Material provided:
■ ■ ■ ■ ■ ■ ■

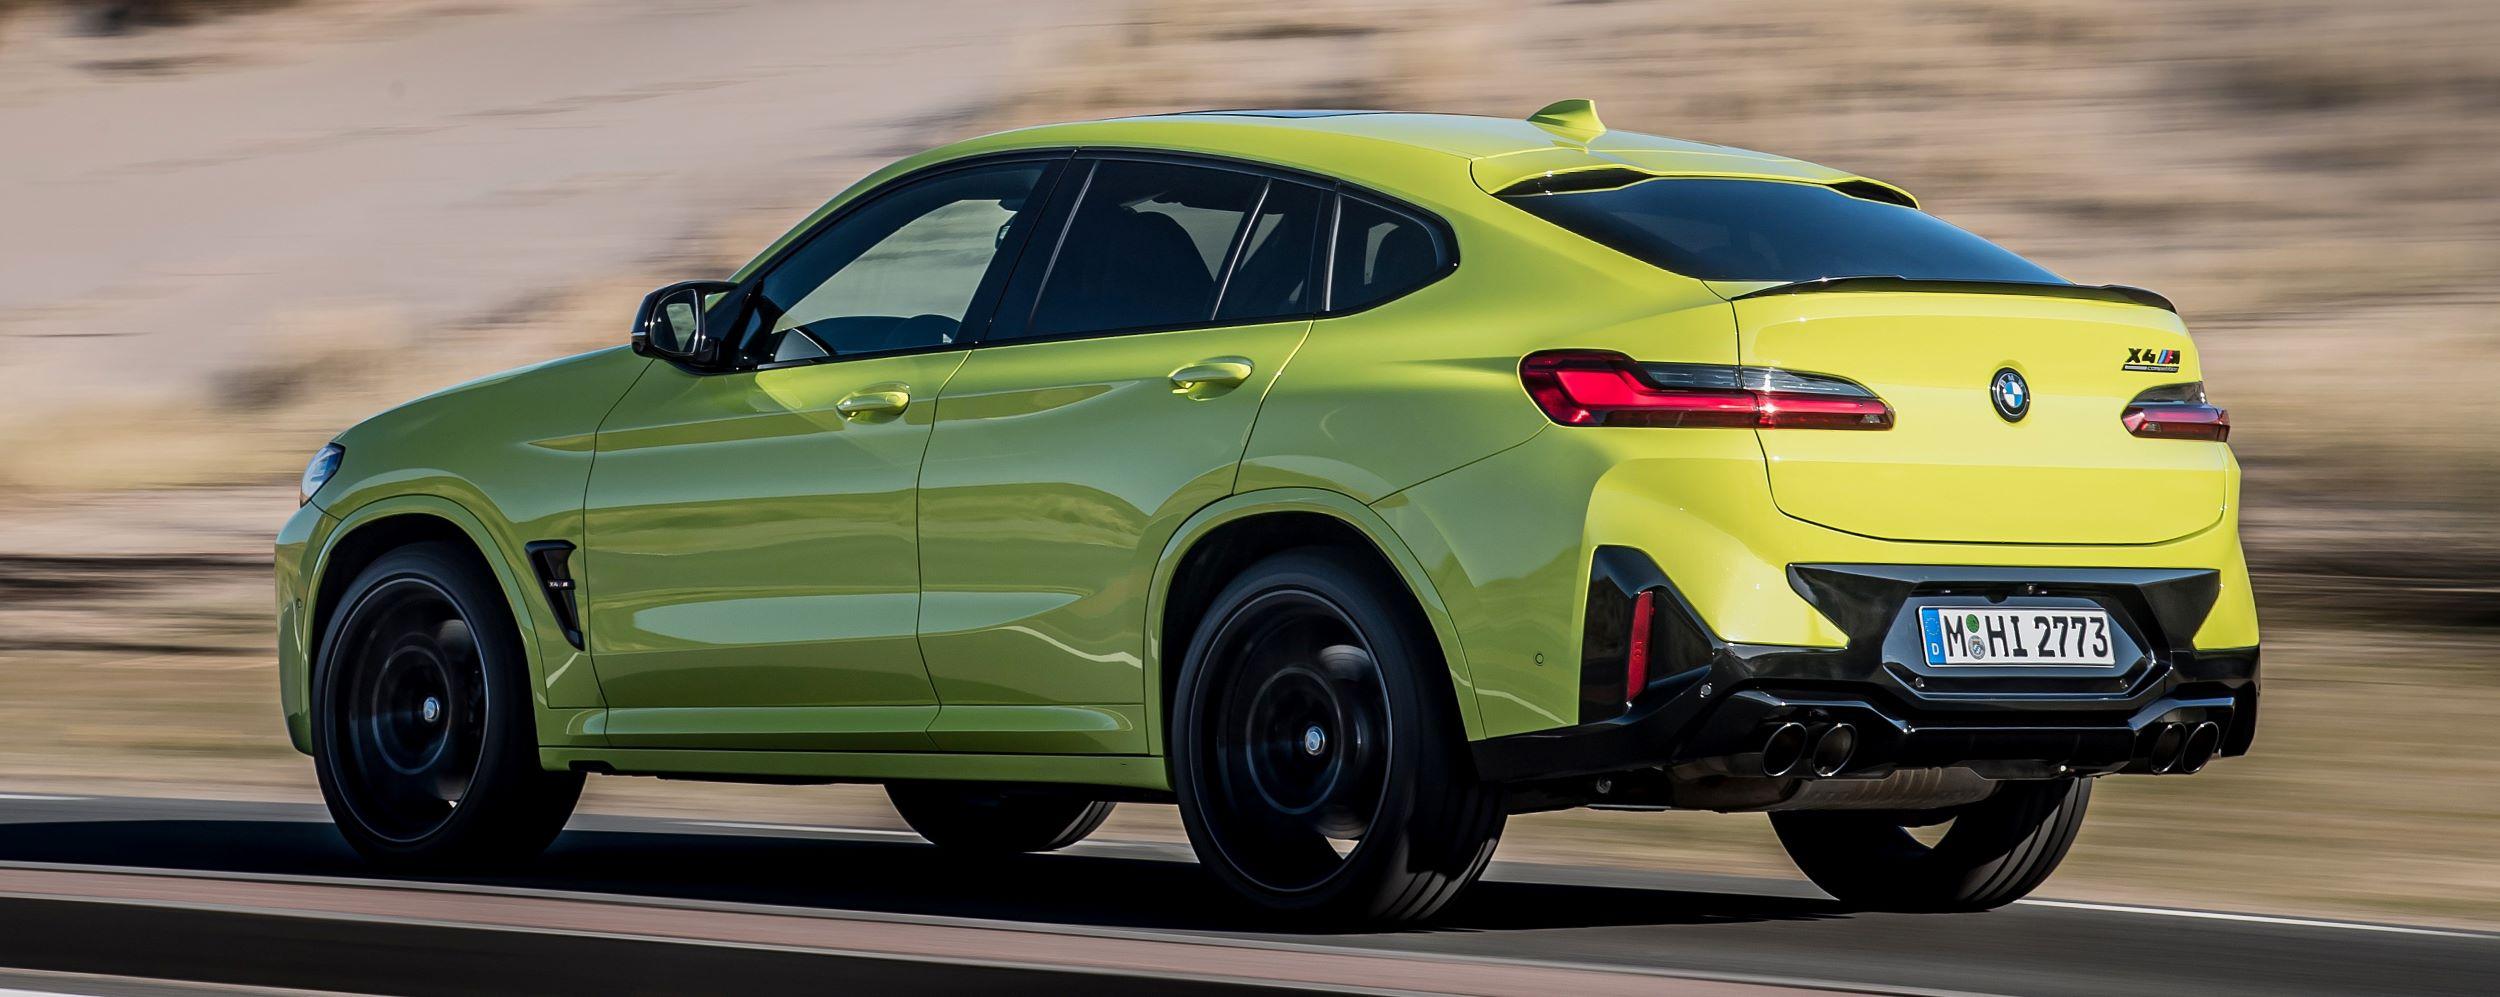 BMW X4 M ył
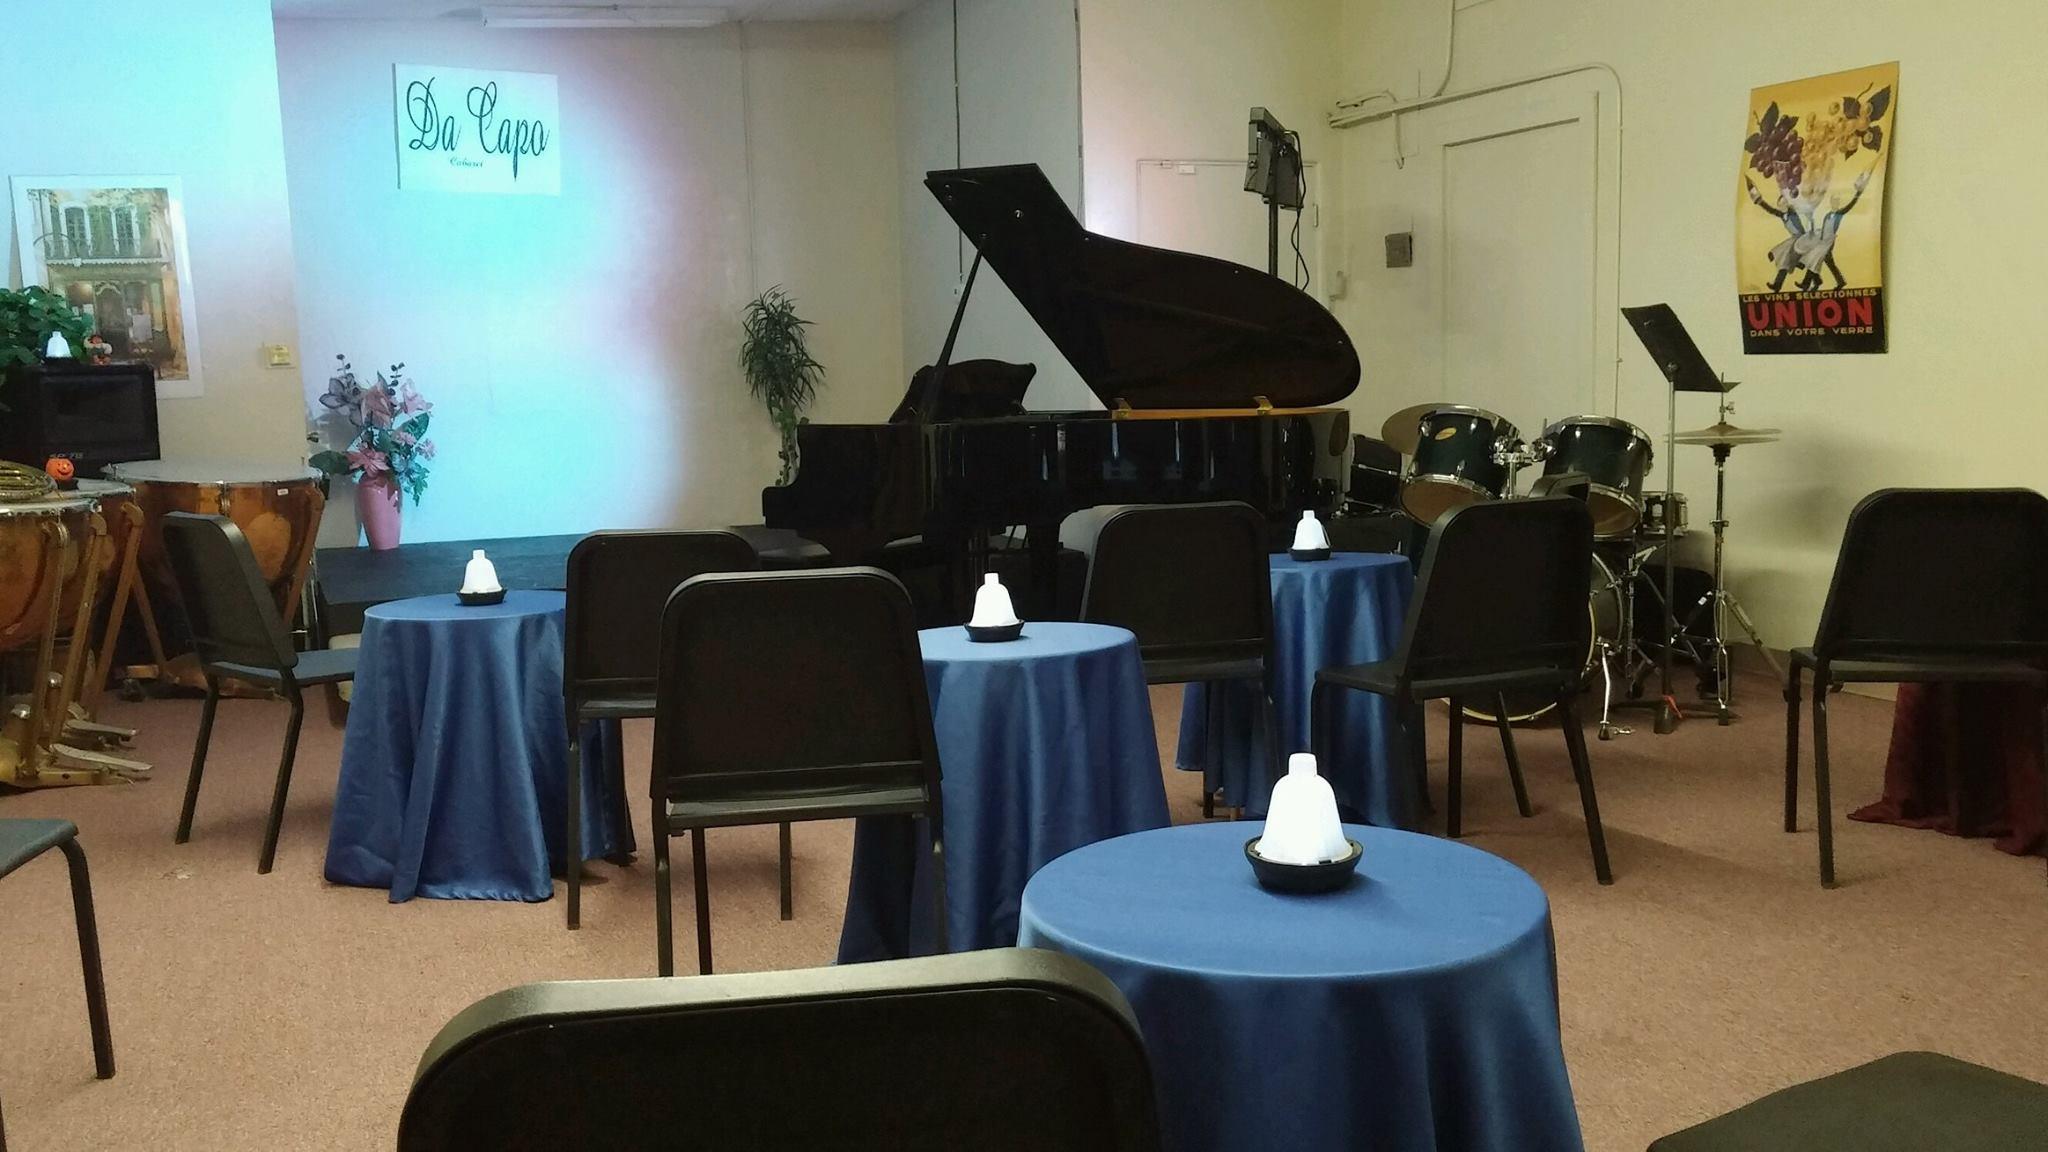 Recital Hall at Gottschalk Music Center
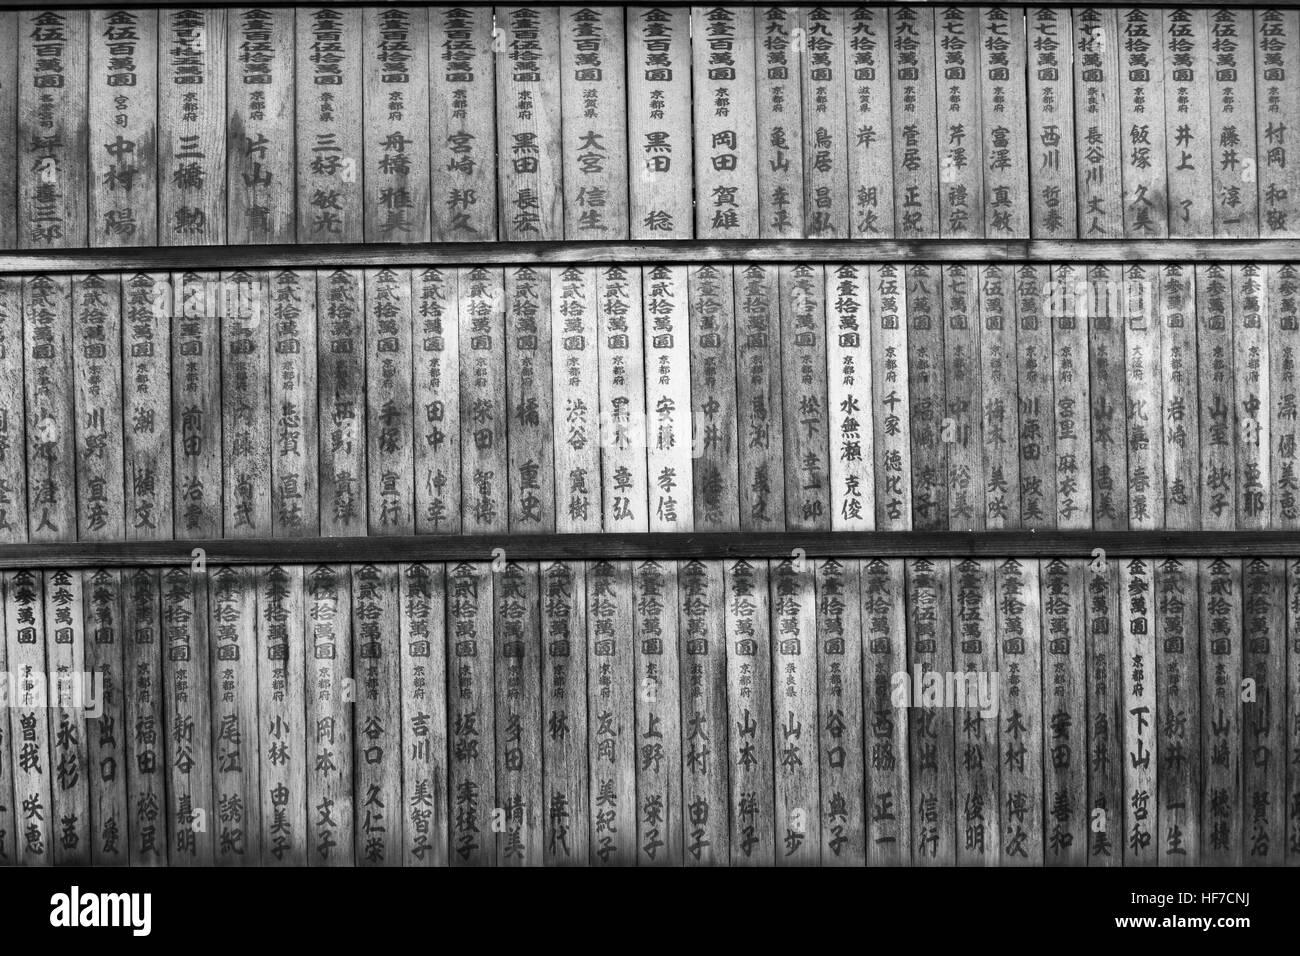 Wooden boards with donations, Fushimi Inari Taisha Shinto Shrine, Kyoto, Japan - Stock Image

■ ■ ■ ■ ■ ■ ■

What is expected: Restate the data above word for word, so that the only difference is the missing pictures.

Output for this exercise:
 BMW X4 M ył
 Recital Hall at Gottschalk Music Center
 Wooden boards with donations, Fushimi Inari Taisha Shinto Shrine, Kyoto, Japan - Stock Image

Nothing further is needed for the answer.